Question

Before changes to its management staff, an automobile assembly line operation had a scheduled mean completion time of 13.7 minutes. The standard deviation of completion times was 1.3 minutes. An analyst at the company suspects that, under new management, the mean completion time, μ, is now less than 13.7 minutes. To test this claim, a random sample of 30 completion times under new management was taken by the analyst. The sample had a mean of 13.1 minutes. Assume that the population is normally distributed. Can we support, at the 0.01 level of significance, the claim that the population mean completion time under new management is less than 13.7 minutes? Assume that the population standard deviation of completion times has not changed under new management.

Perform a one-tailed test. Then complete the parts below.

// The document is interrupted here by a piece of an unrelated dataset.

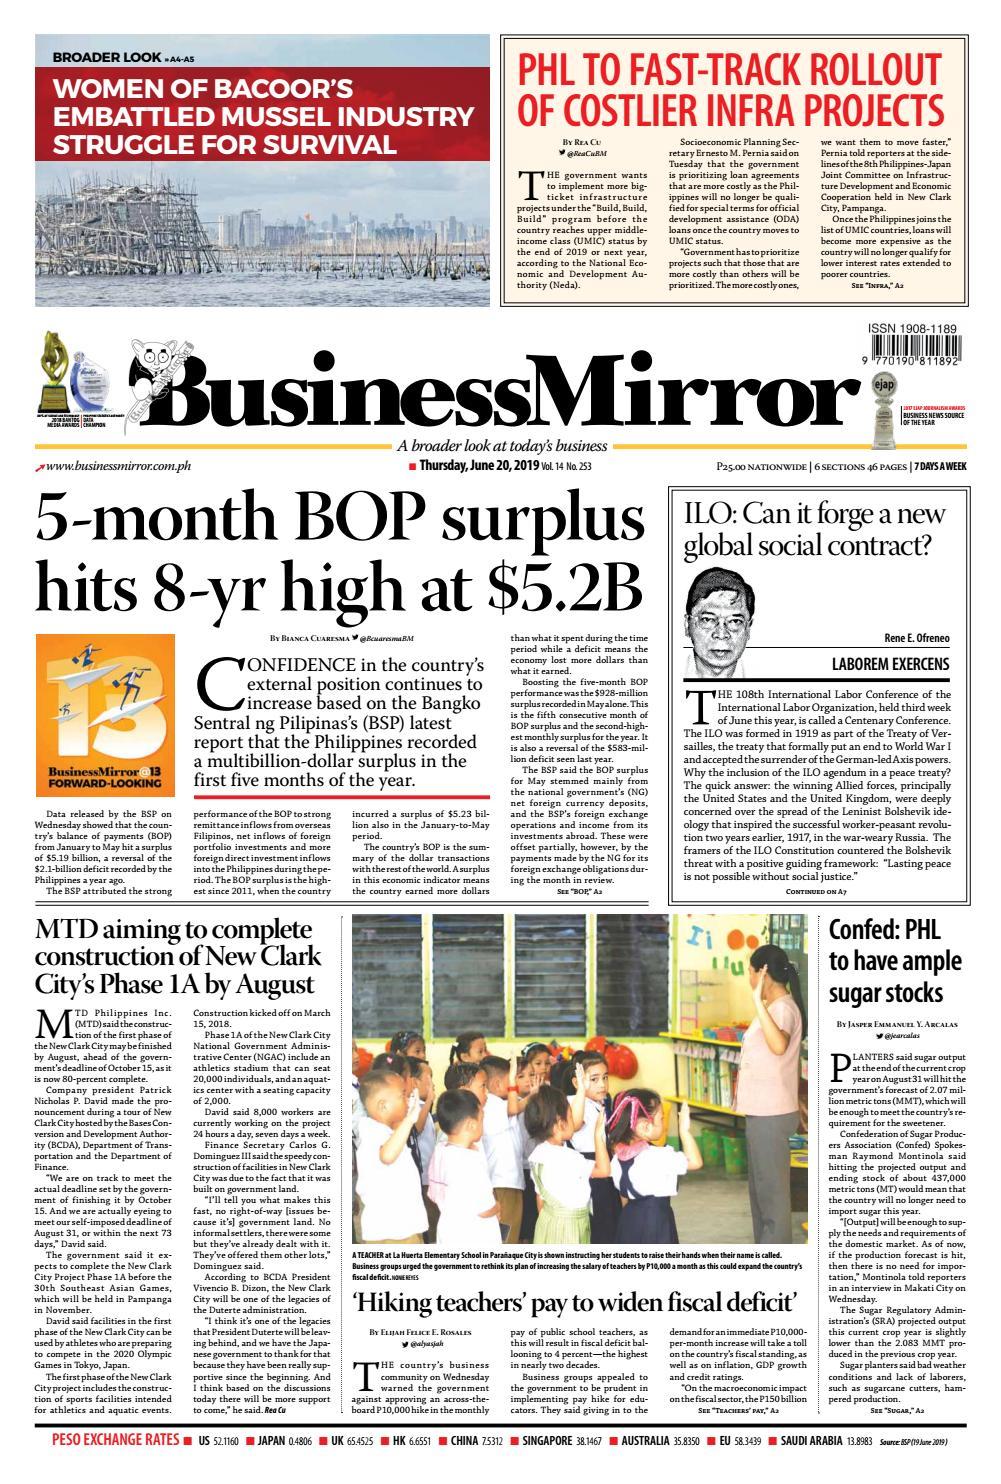 BusinessMirror June 20, 2019 by BusinessMirror - issuu

(a) State the null hypothesis H0 and the alternative hypothesis H1.

H0: μ ≥ 13.7
H1: μ < 13.7

(b) Determine the type of test statistic to use.

▼(Choose one) Z-test

(c) Find the value of the test statistic. (Round to three or more decimal places.)

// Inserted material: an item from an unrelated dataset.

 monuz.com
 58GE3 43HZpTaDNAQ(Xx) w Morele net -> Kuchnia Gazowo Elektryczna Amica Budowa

(d) Find the p-value. (Round to three or more decimal places.)

(e) Can we support the claim that the population mean completion time under new management is less than 13.7 minutes?

Yes
No

Answer 1

The null hypothesis is that the mean completion time is greater than or equal to 13.7 minutes. The alternative hypothesis is that the mean completion time is less than 13.7 minutes. Using a Z-test, the test statistic is calculated to be -2.747. The p-value is approximately 0.003, which is less than the significance level of 0.01. Therefore, we can support the claim that the population mean completion time under new management is less than 13.7 minutes.

Step-by-step explanation:

(a) Null hypothesis (H0): μ ≥ 13.7

Alternative hypothesis (H1): μ < 13.7

(b) The type of test statistic to use is a Z-test.

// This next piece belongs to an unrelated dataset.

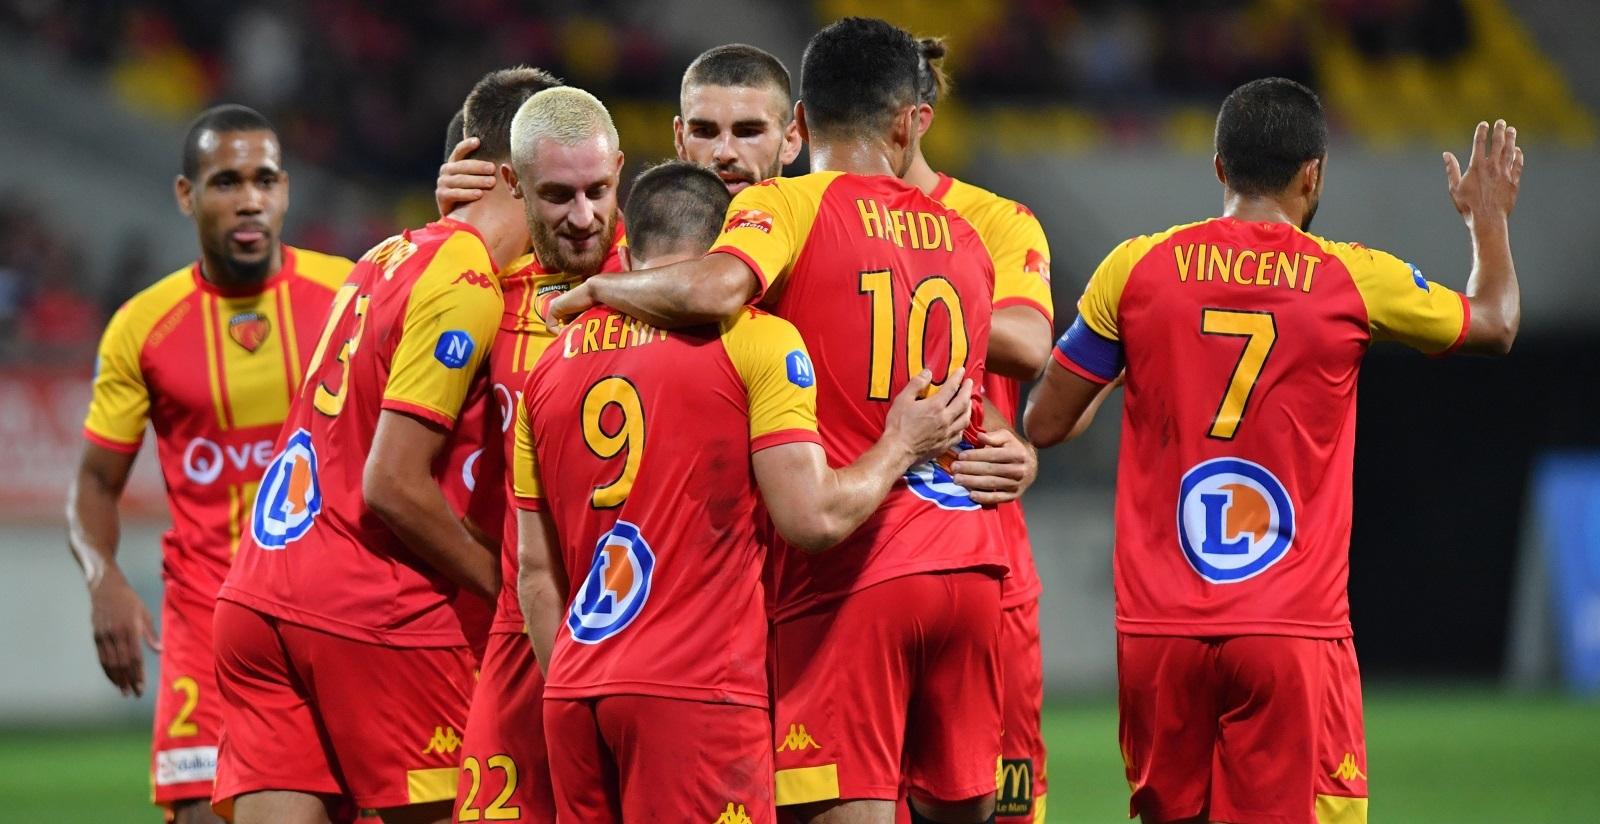 Football - Ligue 2 - Barrage L2/National : Le Mans-Gazélec Ajaccio en direct

(c) The value of the test statistic is calculated using the formula:

Z = (Sample mean - Population mean) / (Population standard deviation / sqrt(sample size))

Z = (13.1 - 13.7) / (1.3 / sqrt(30)) = -2.747

(d) The p-value is the probability that the test statistic is as extreme as the observed value, assuming the null hypothesis is true. Since this is a left-tailed test, we need to find the probability of getting a Z-value less than -2.747. Using a Z-table or calculator, we can find that the p-value is approximately 0.003.

(e) Since the p-value (0.003) is less than the significance level of 0.01, we can reject the null hypothesis. Therefore, we have enough evidence to support the claim that the population mean completion time under new management is less than 13.7 minutes.